Work instructions = Write out the lines of the material below exactly, beginning at the line with "MOEX Brushed Case, S4, Samsung, Galaxy" and stopping after the line with "image showing a weather app", and leave out the pictures.

Exercise material =
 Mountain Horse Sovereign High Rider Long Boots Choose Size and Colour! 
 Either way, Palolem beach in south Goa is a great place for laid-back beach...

* * *

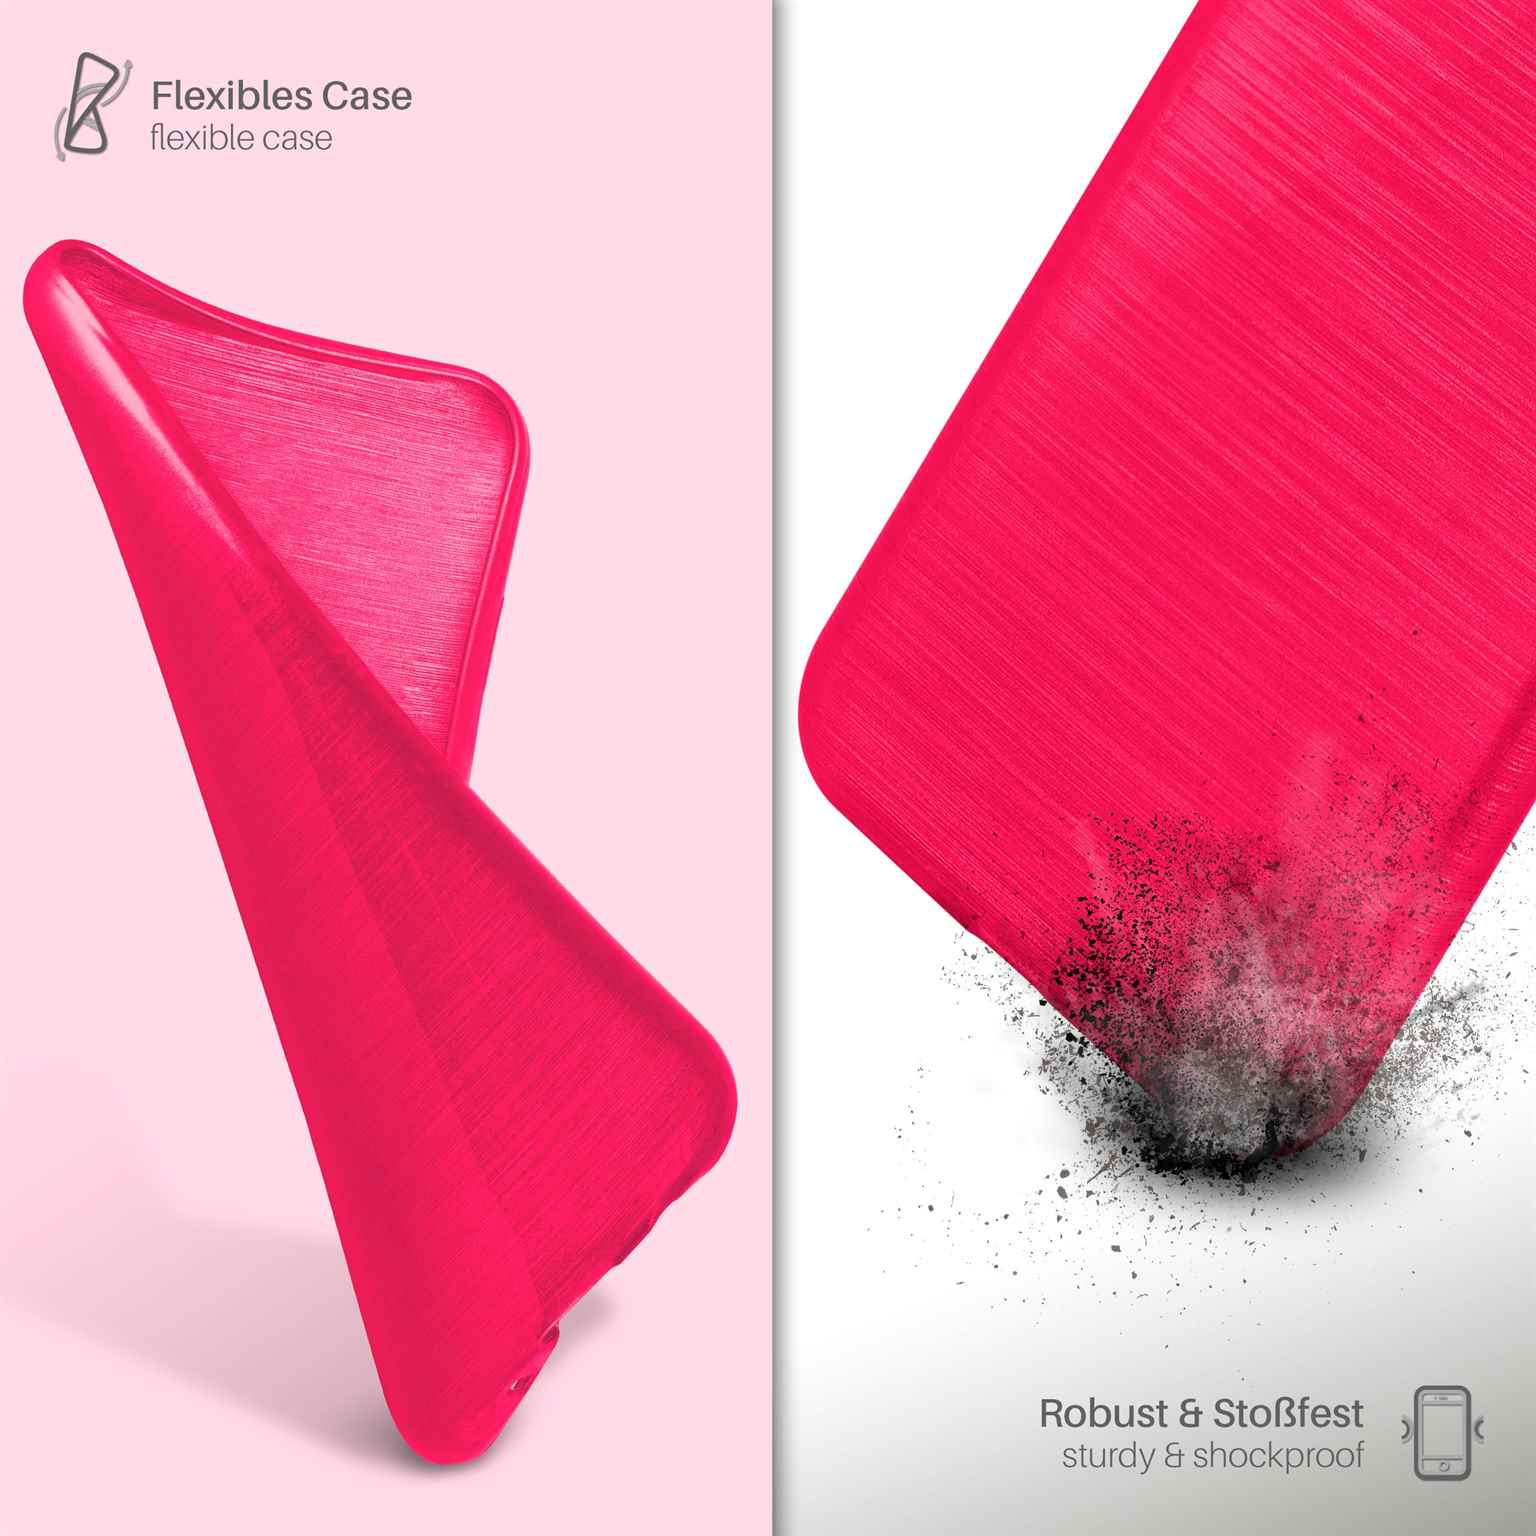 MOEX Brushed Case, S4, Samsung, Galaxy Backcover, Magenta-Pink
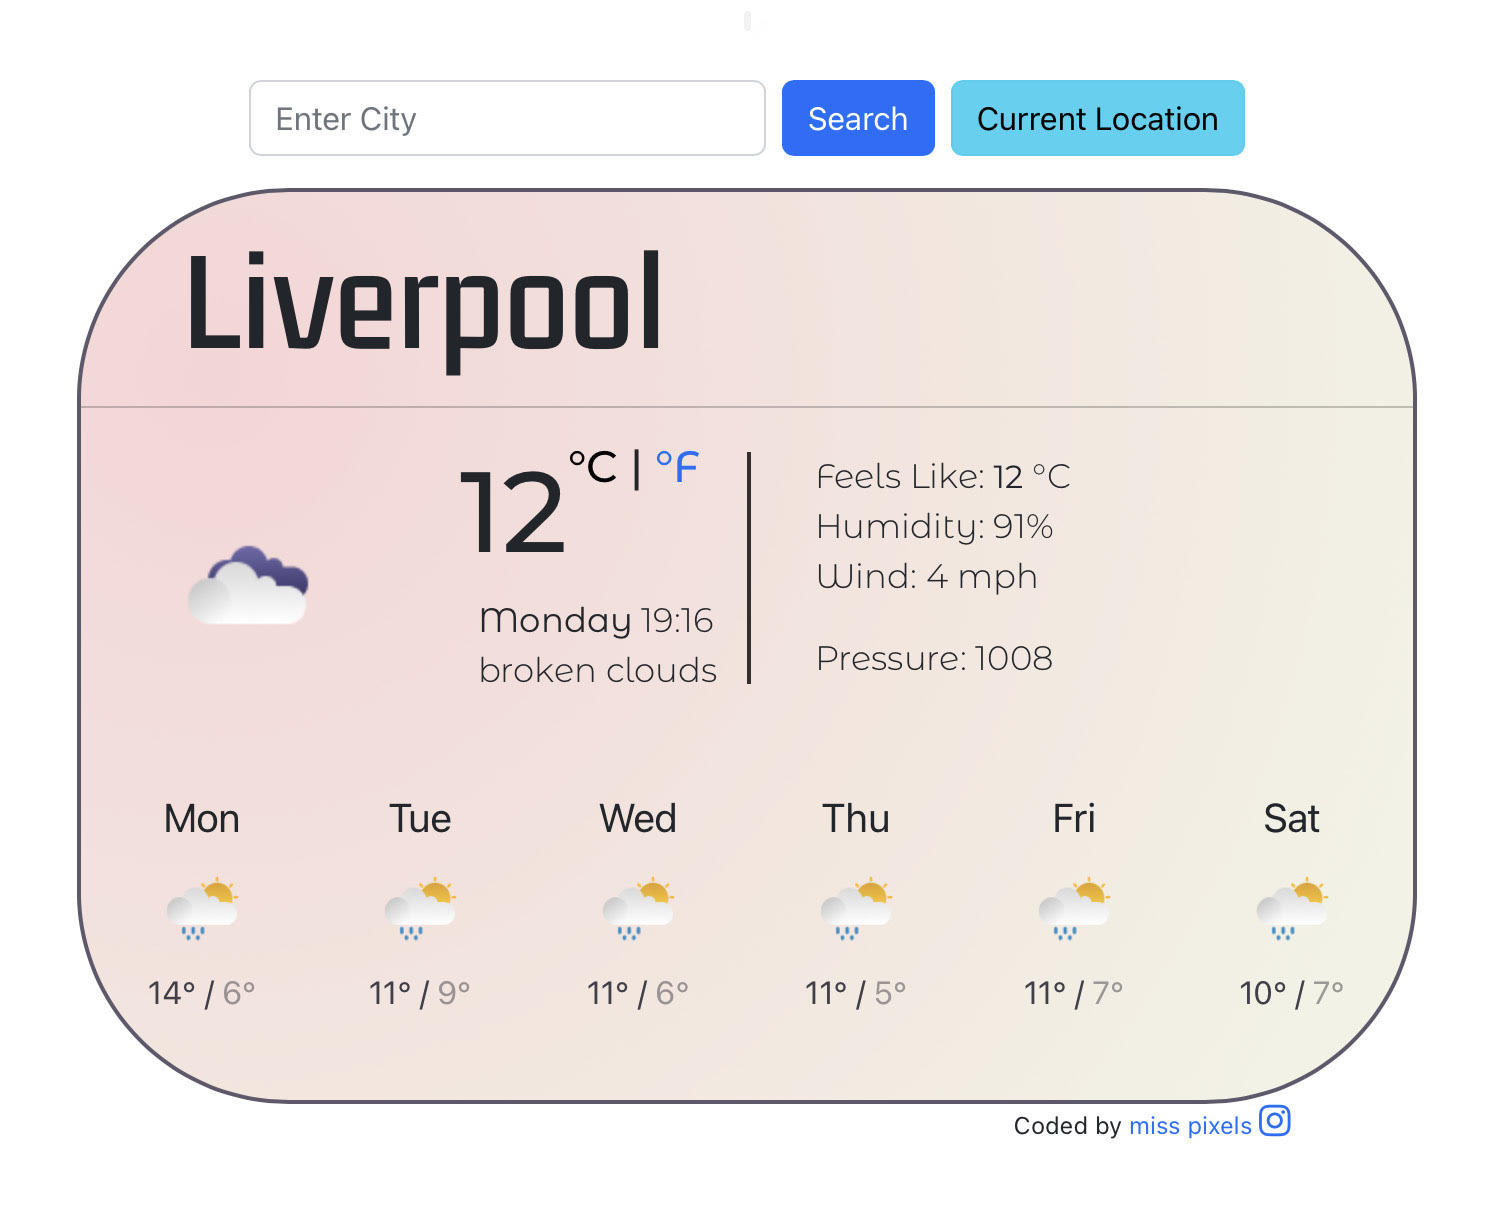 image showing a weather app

Task result =
 MOEX Brushed Case, S4, Samsung, Galaxy Backcover, Magenta-Pink
 image showing a weather app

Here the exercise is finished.